Once the line holding "Flirty Floral Printed" appears, repeat it and each line after it to the end of the data, exactly and with nothing else; pictures stay out.

-- Material provided follows --

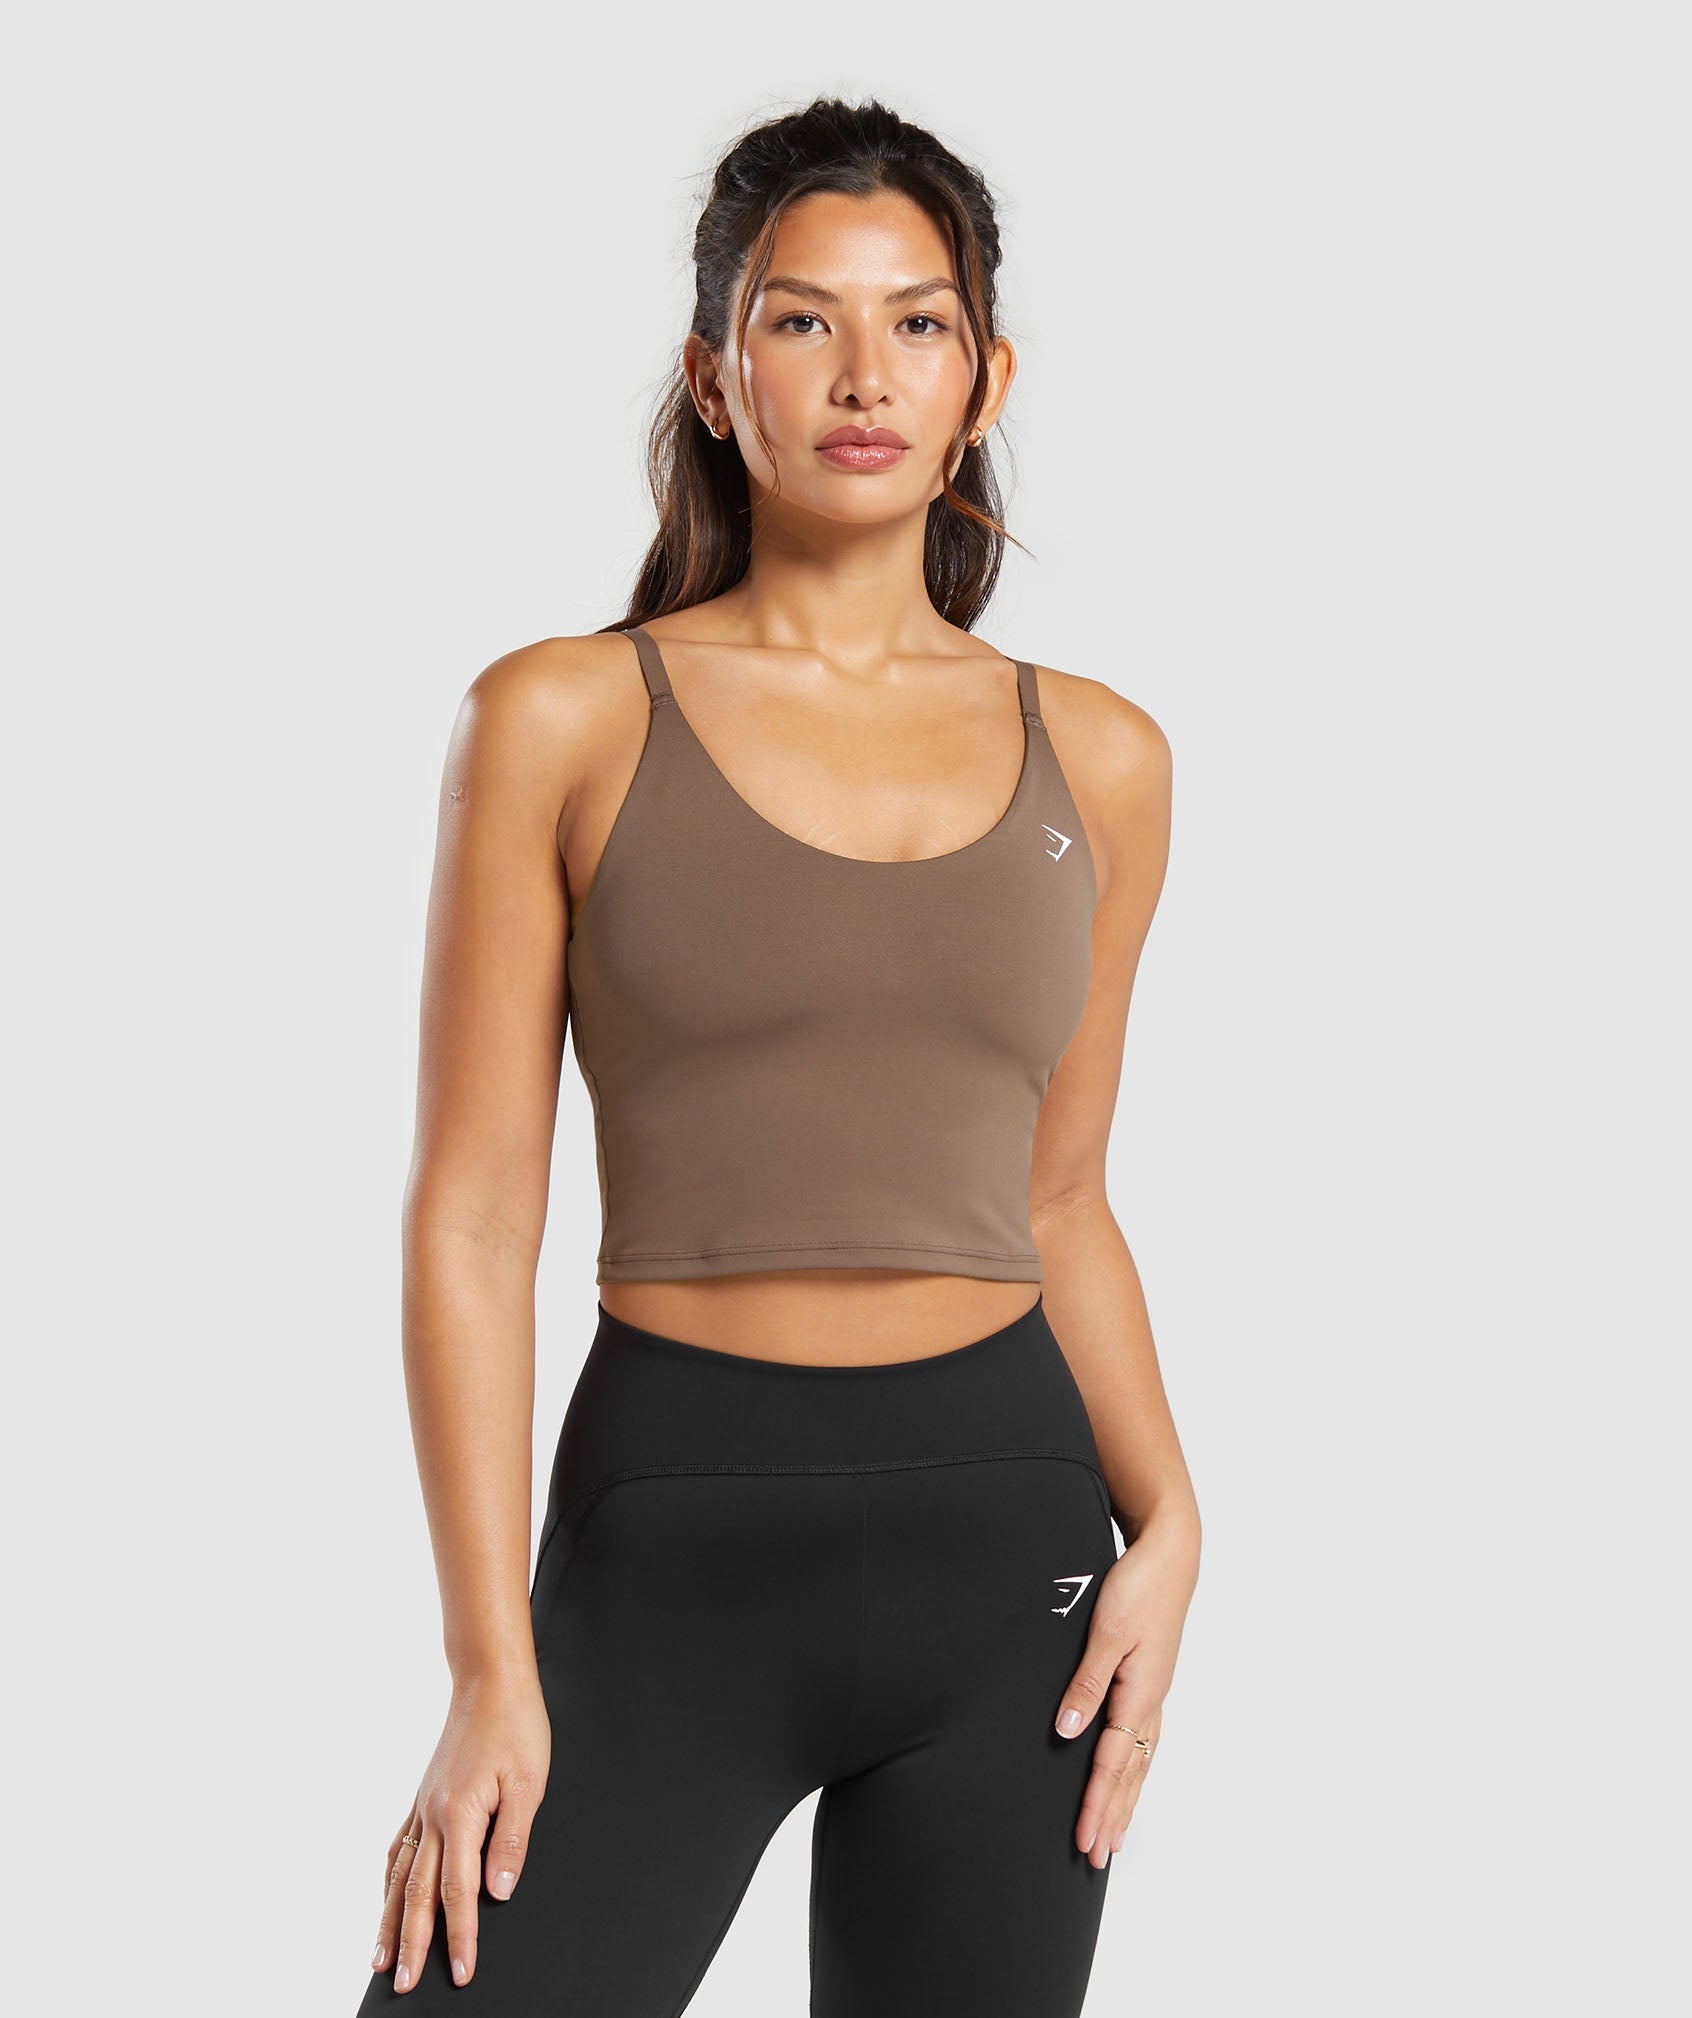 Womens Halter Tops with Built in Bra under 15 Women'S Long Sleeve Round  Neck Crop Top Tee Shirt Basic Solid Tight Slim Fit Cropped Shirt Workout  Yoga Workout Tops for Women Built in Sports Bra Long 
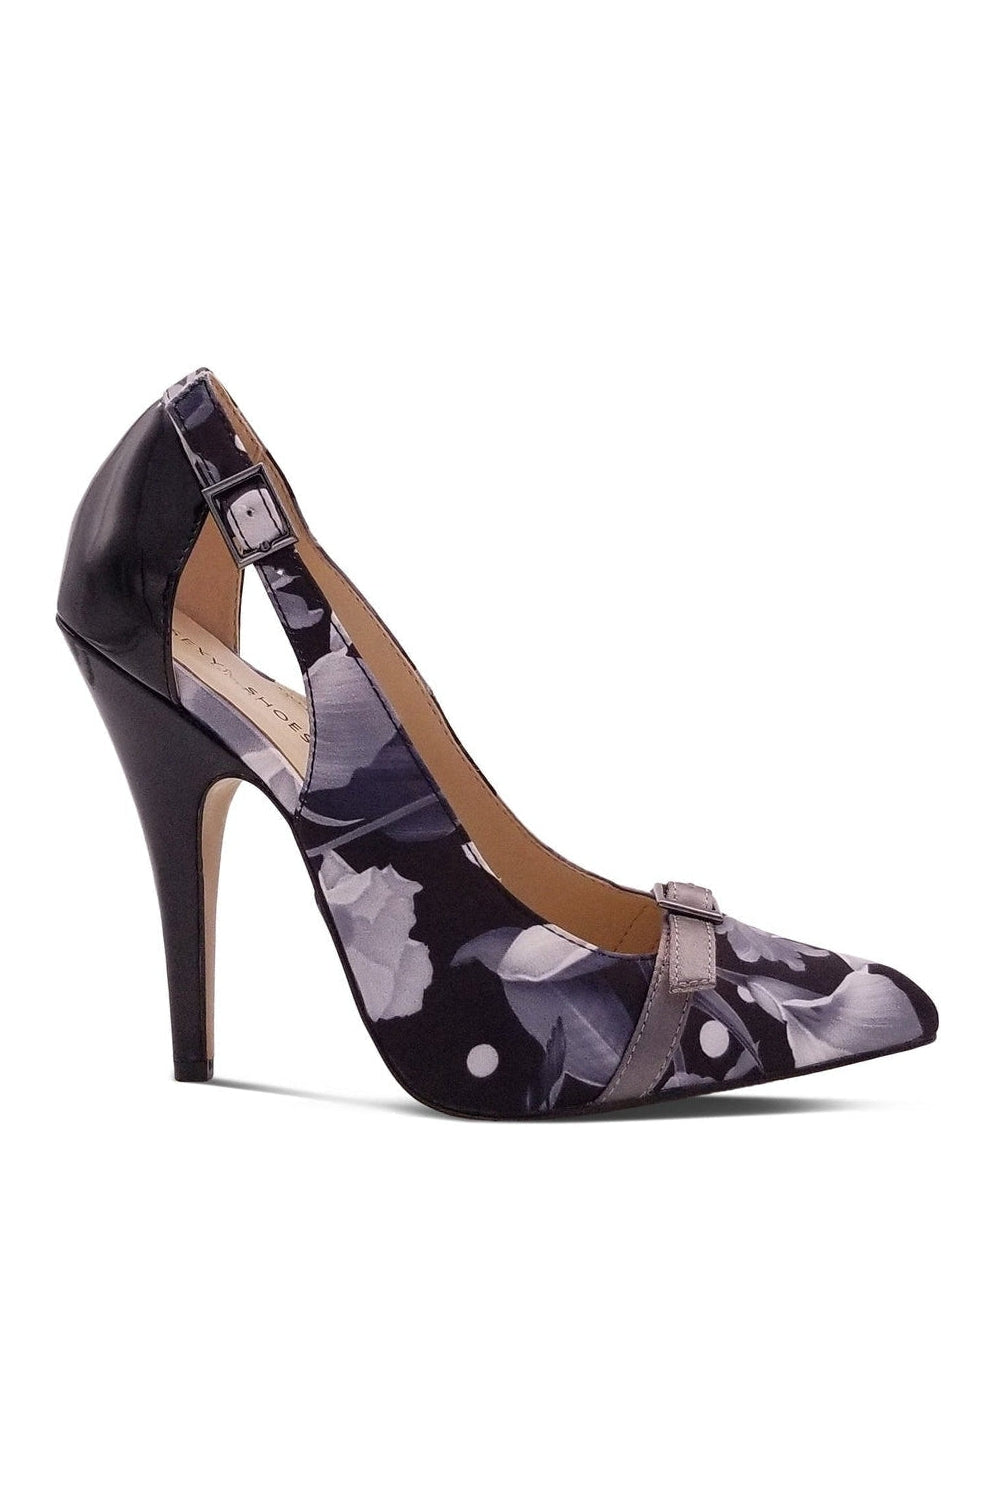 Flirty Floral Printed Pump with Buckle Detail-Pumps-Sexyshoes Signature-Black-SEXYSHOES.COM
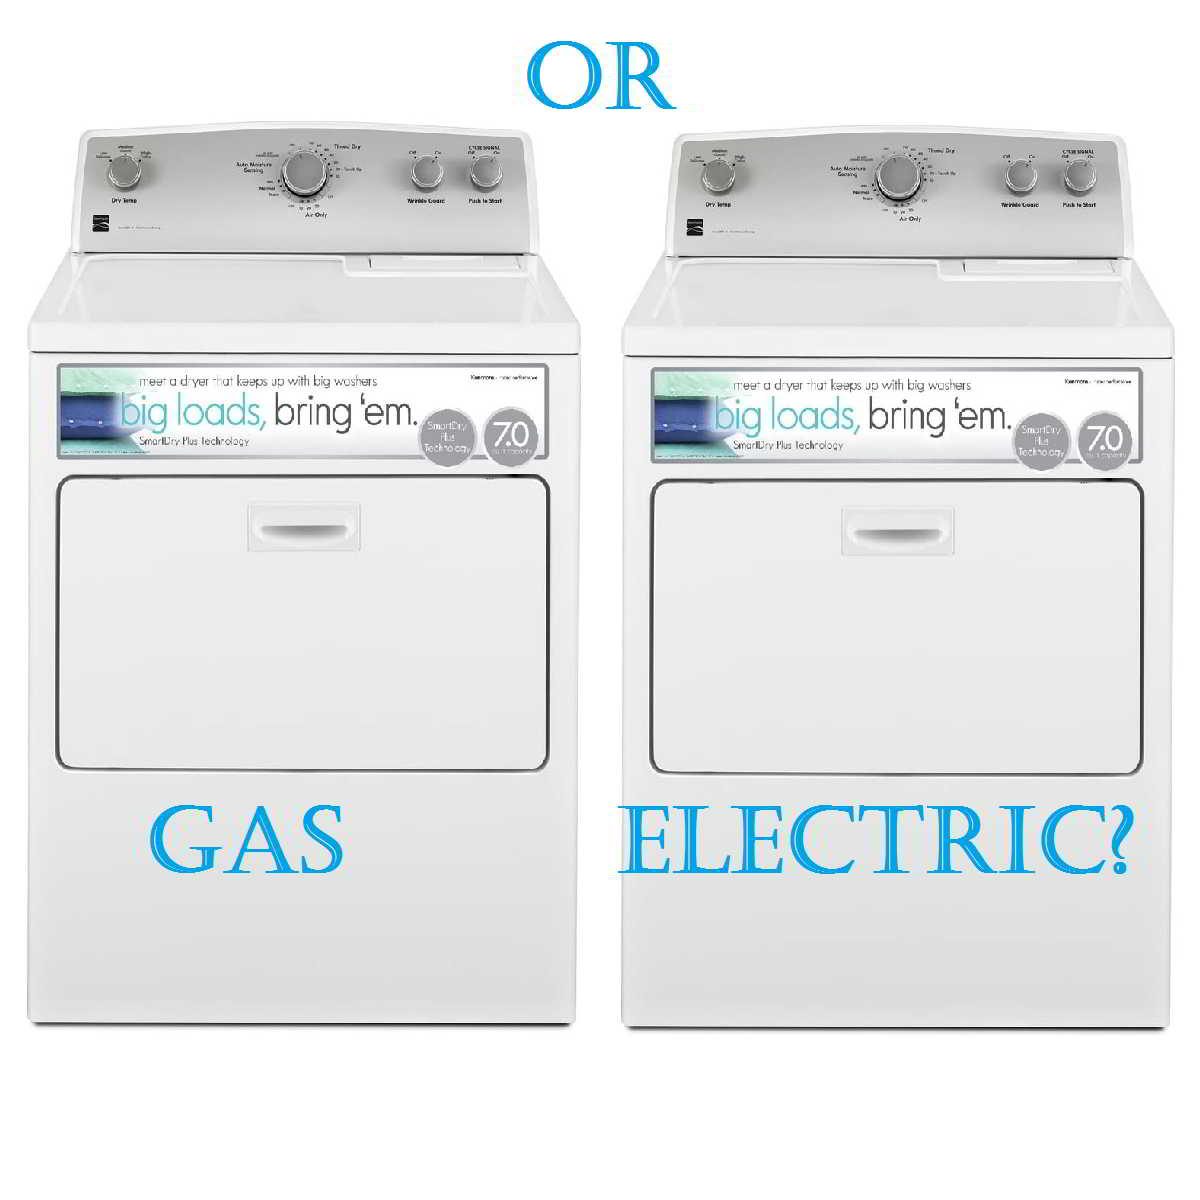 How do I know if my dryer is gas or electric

-- Material provided concluded --

● Written solution
 Flirty Floral Printed Pump with Buckle Detail-Pumps-Sexyshoes Signature-Black-SEXYSHOES.COM
 How do I know if my dryer is gas or electric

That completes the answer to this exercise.